The following describes how to set up Single-Sign-on in dbFront using Okta (Okta.com).

Okta is one of the premier identity providers in the industry.

Information Collection

When setting up Okta Single-Sign-on you need to collect or decide on the following pieces of information:

Determine a display name for your application. e.g. "dbFront - Records Maintenance",
Determine the root URL for your dbFront install.

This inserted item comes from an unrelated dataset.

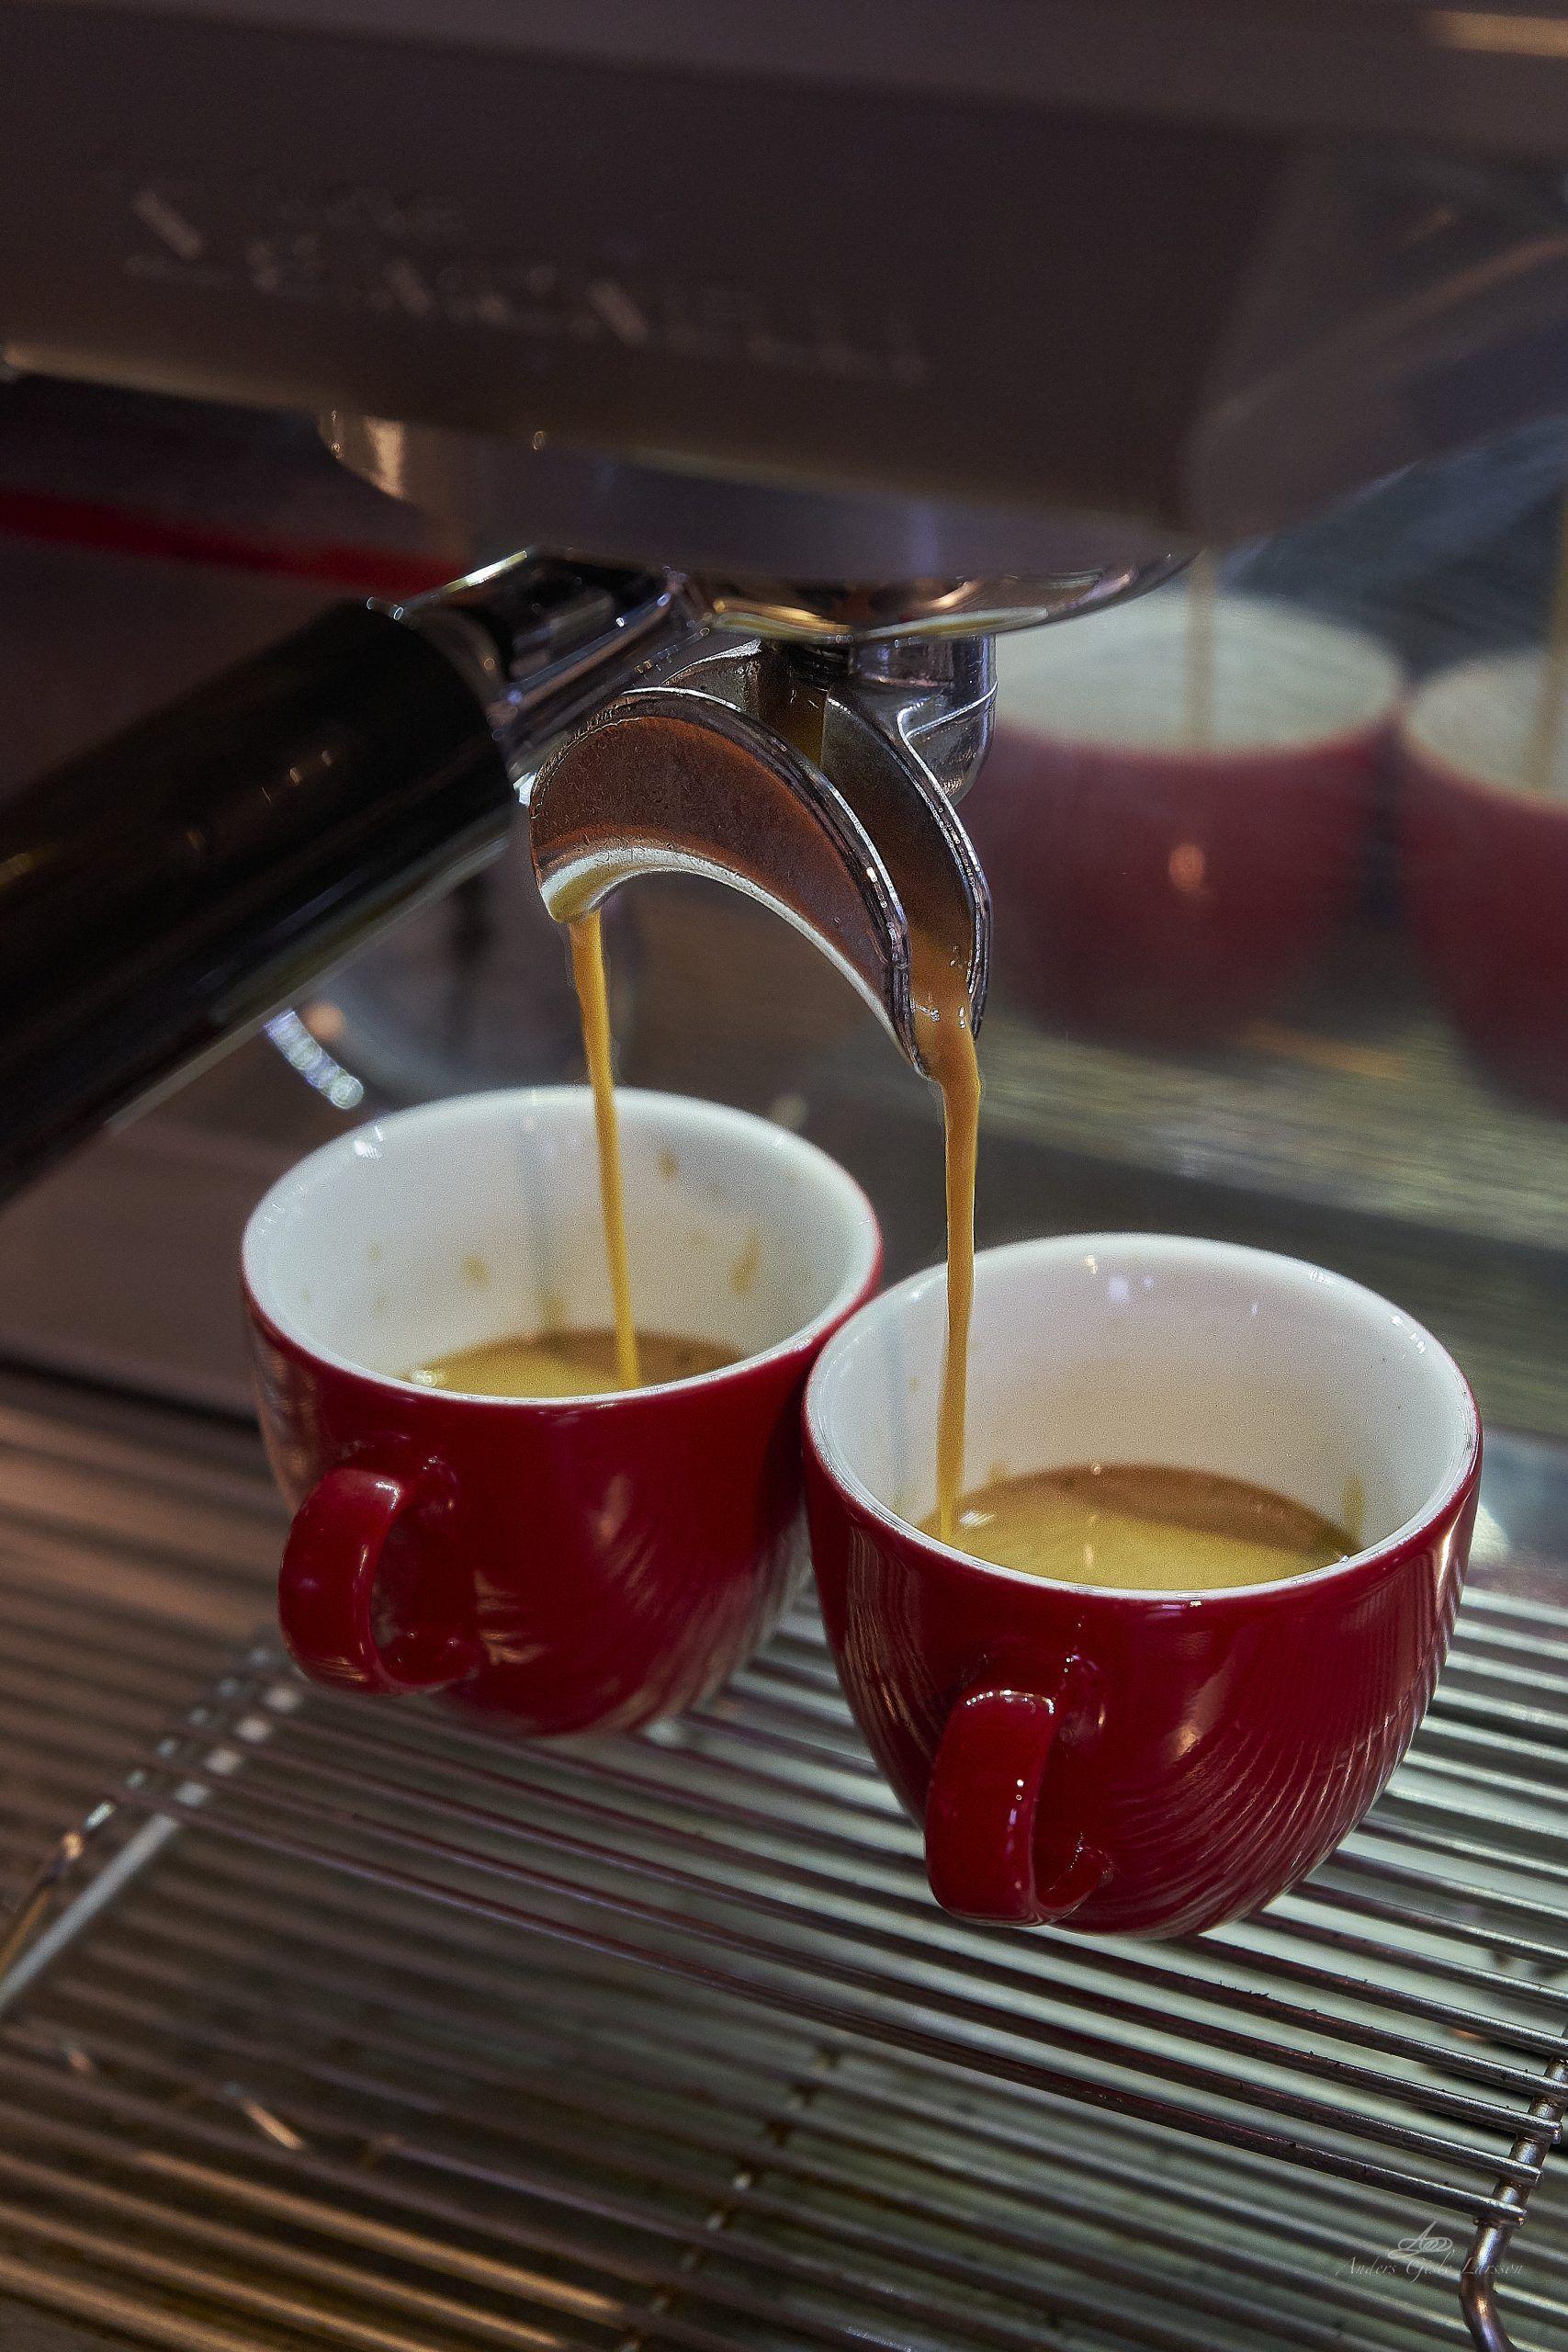 157/365, Espresso, Assentoft, Randers

This would be something like:
- https://dbFront.YourCompany.com/dbFront/ (public server with SSL)
- http://YourServer/dbFront/ (internal server without SSL)
Create a unique application id: A suggested value is "sp.dbFront.YourCompany.com",
Determine / Create an Okta group for administrators: e.g. "dbFrontAdmins"

Okta Application Setup Steps

Before proceeding, it would be good to review the Okta documentation for adding a SAML2 application. See: Okta SAML 2

Browse to the Okta login page: https://yourcompany.okta.com,
Complete the login,
Click on the Applications link on the top menu to view the configured applications,
Click on the big green Create New App button to configure a new application,
Choose the "Sign on method SAML 2.0" and click next,
Wizard page 1 "General Settings":
1. App Name: e.g. "dbFront - Records Maintenance",
2. App logo: Adjust the Logo as desired.
Click Next,
Wizard page 2 "SAML Settings":
1. Single sign on URL: This should match the root URL for your dbFront install, e.g. "https://dbFront.YourCompany.com/dbFront/default.aspx",
  Note: The "/default.aspx" must be included when using Okta,
2. Audience URI (SP Entity ID): This value must match the dbFront Application Id configured in dbFront, the value suggested above was "sp.dbFront.YourCompany.com",
3. Group Attribute: Add the group attribute "memberOf":
  1. The name must be "memberOf",
  2. The format should be "Basic",
  3. You must select a filter with a value or no groups will be returned,
    e.g. Contains: admin
4. Download and save the Okta Certificate.
Click Next,
Wizard page 3 "Feedback",
1. Are you a customer or partner: Select "I'm an Okta customer adding an internal app".
2. App type: Check "This is an internal app that we have created"
  Note: This is required because dbFront is a client installed application instead of a SAAS service.
Click Finish to save the application settings,
Once the application is created it will reopen with the "Sign On" tab visible,
The "Sign On" tab will contain a notice with further instructions,
Click on the "View Setup Instructions" to retrieve the information needed for dbFront,
A new window will open with the title "How to Configure SAML 2.0 for dbFront - Records Maintenance Application",
Please save the following (Copy => Paste):
1. Identity Provider Single Sign-On URL: Enter in dbFront as the Okta Endpoint Url (see below),
2. X.509 Certificate: Enter in dbFront as the Okta Public Certificate (see below),

Okta Groups and Users

Please review the Okta documentation for instructions on creating and assigning users and groups to the dbFront application.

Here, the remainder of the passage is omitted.